Потом глядел, как глаза синие закипают слезами, как вздрагивают губы манкие. Не удержался и сунулся целовать, но себя одернул, приложился к гладкому лбу, как к иконе святой. А уж потом почуял тонкие руки у себя на плечах. Обняла, сварливая, прижалась, но и охнула.
– Что? Что, Рябинка? Больно? – заполошился.
– Нет, Влас. Почудилось тебе, – положила голову на грудь бояричу.
Так и замерли надолго: Власий на коленках опричь лавки и Еленка на его груди. А уж много время спустя, Власий заговорил:
– Рябинка, ехать мне надо.
Она встрепенулась, брови свела к переносью:
– Куда? Ты что говоришь-то? Куда собрался?! Не пущу я! – вцепилась крепенько в ворот рубахи.
– Люди мои ушли в лес ляха догнать, – в глаза ей смотрел прямо. – Я там должон быть.
– Вон как? – рассердилась, сверкнула очами синими. – Едва жизни не лишился и опять в сечу? Не пущу!
Власий и замер, все раздумывал – рыдать ему или плясать от радости?
– Еленка, вот все у тебя не как у людей. То жизни для меня не жалеешь, то ругаешься, – все ж улыбнулся.

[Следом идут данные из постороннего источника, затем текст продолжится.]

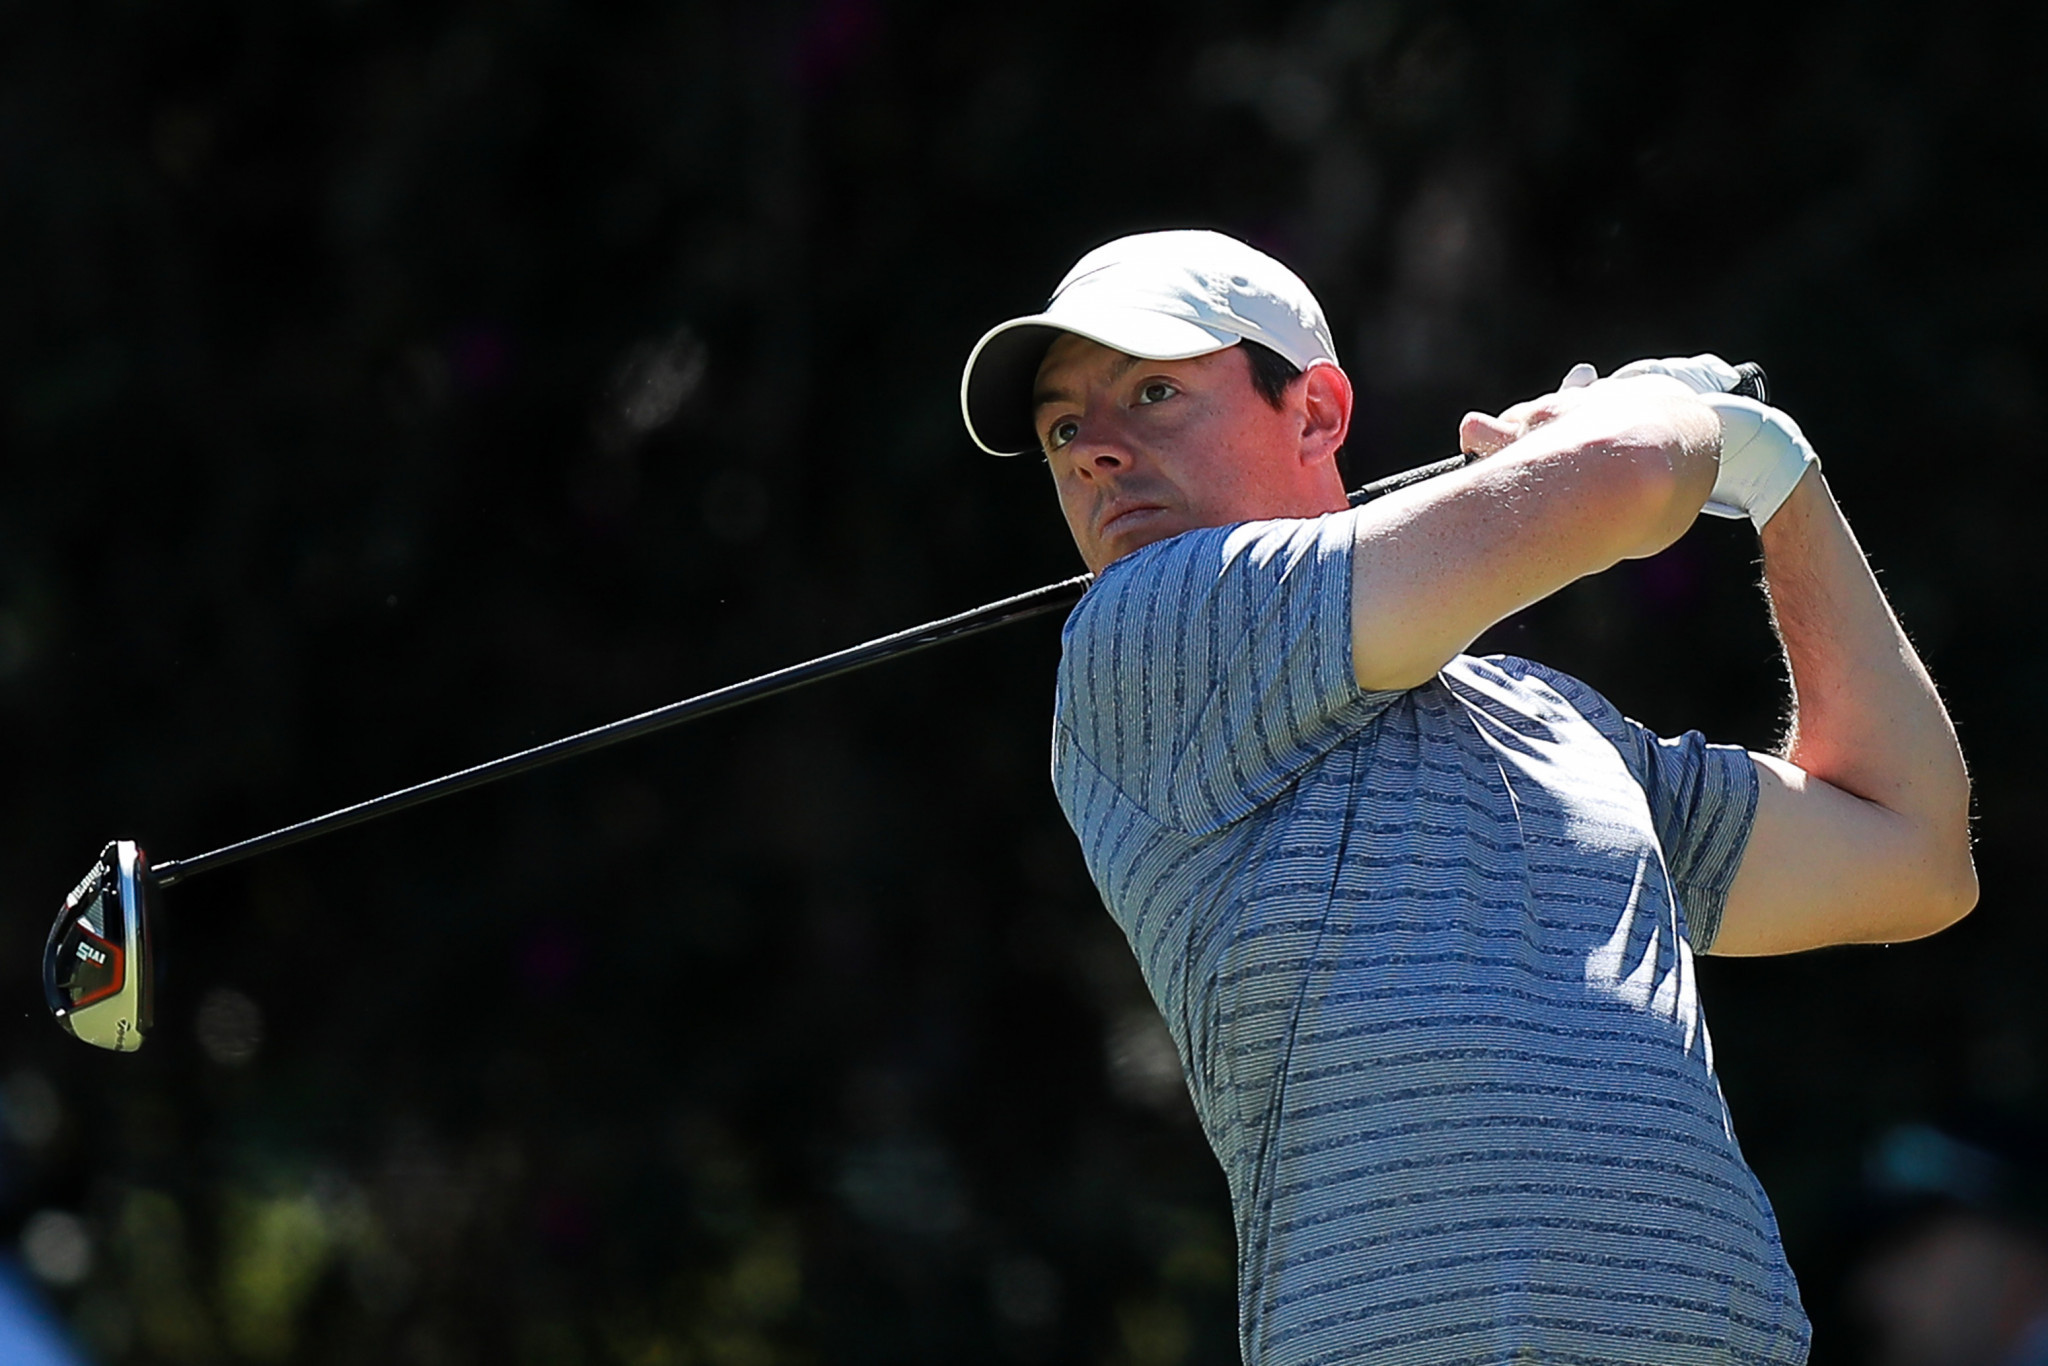 Northern Ireland's Rory McIlroy carded a sublime eight-under 63 to earn a one-shot lead after the opening round of the World Golf Championships-Mexico Championship ©Getty Images

– Нехристь! – ругалась. – И дня не пробыл! Еще меня нелюдью обзываешь! – унялась, голову опустила, и молвила уж тихо, – хоть на час останься, Влас… Уедешь, так я плакать стану.
Обнял, к себе прижал осторожно, все боялся рану потревожить:
– Сам обрыдаюсь, Рябинка, верь мне. Ей-ей, не вру! Сяду на Чубку и ну по щекам слезы размазывать. За мной десятники, а с ними и ратные, и новики, – болтал дурное всякое, утешал, как умел.

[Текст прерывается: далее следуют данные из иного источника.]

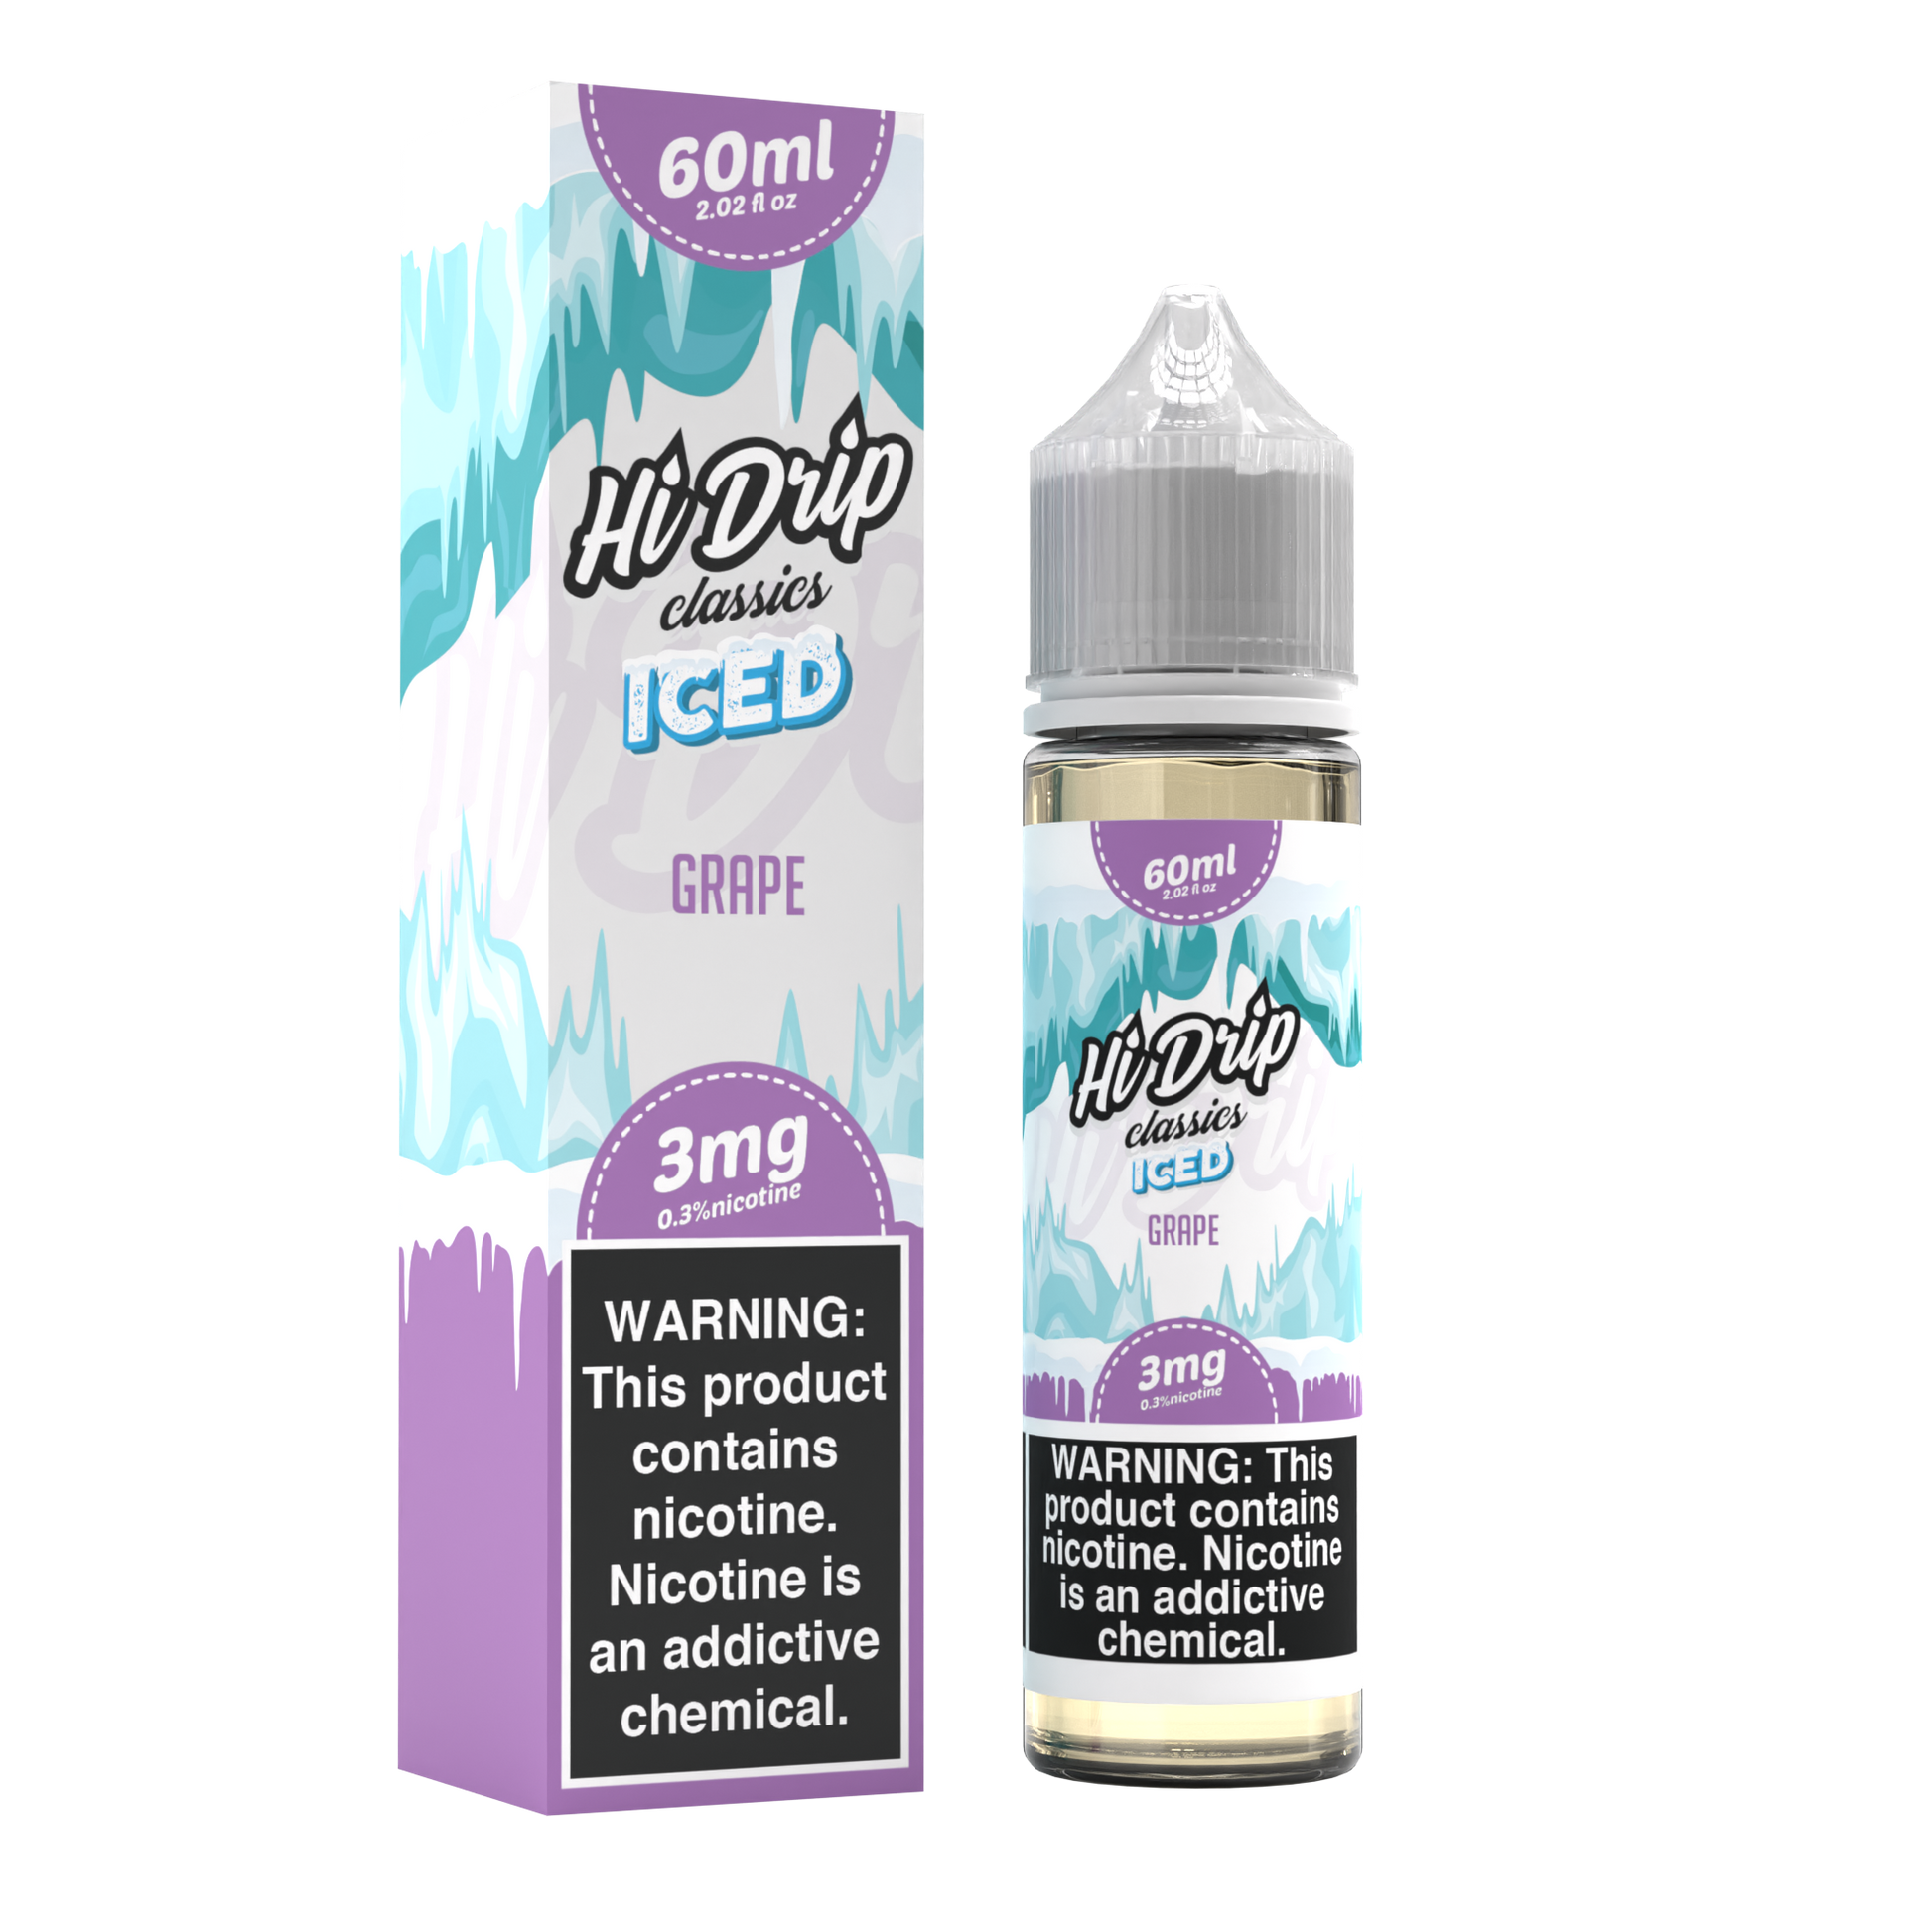 Grape Iced by Hi-Drip Classics Series 60mL with Packaging

– Балабол. Медведина зловредная, – засопела слезливо. – Так уж надо ехать-то? Без тебя не осилят?
Помолчал, но сказал правду:
– Я его сам достану, Рябинка. За все мне ответит. А ежели без меня его посекли, так голову его псам скормлю. Не спорь, толку с того не будет. Поняла ли?
Ждал от нее слов дурных, ругательства какого, а она ничего, кивнула только:
– Поняла, – отодвинулась от боярича. – Влас, родимый, сбереги себя. Инако руки на себя наложу, так и знай.
– Пылинки с себя сдувать стану, – испугался, знал, что не врет. – Вернусь. Как и уговорились, к Крещению.
– Я с тобой не уговаривалась, – насупилась, губы поджала. – Ты мне волю свою обсказал.
– Чего? – изумился так, что едва на пол не рухнул. – Ты ж сама согласилась! Со мной просилась, ай, не так?
– Кто ж так сватается, а? – отвернулась. – Ни подарка тебе, ни обряда.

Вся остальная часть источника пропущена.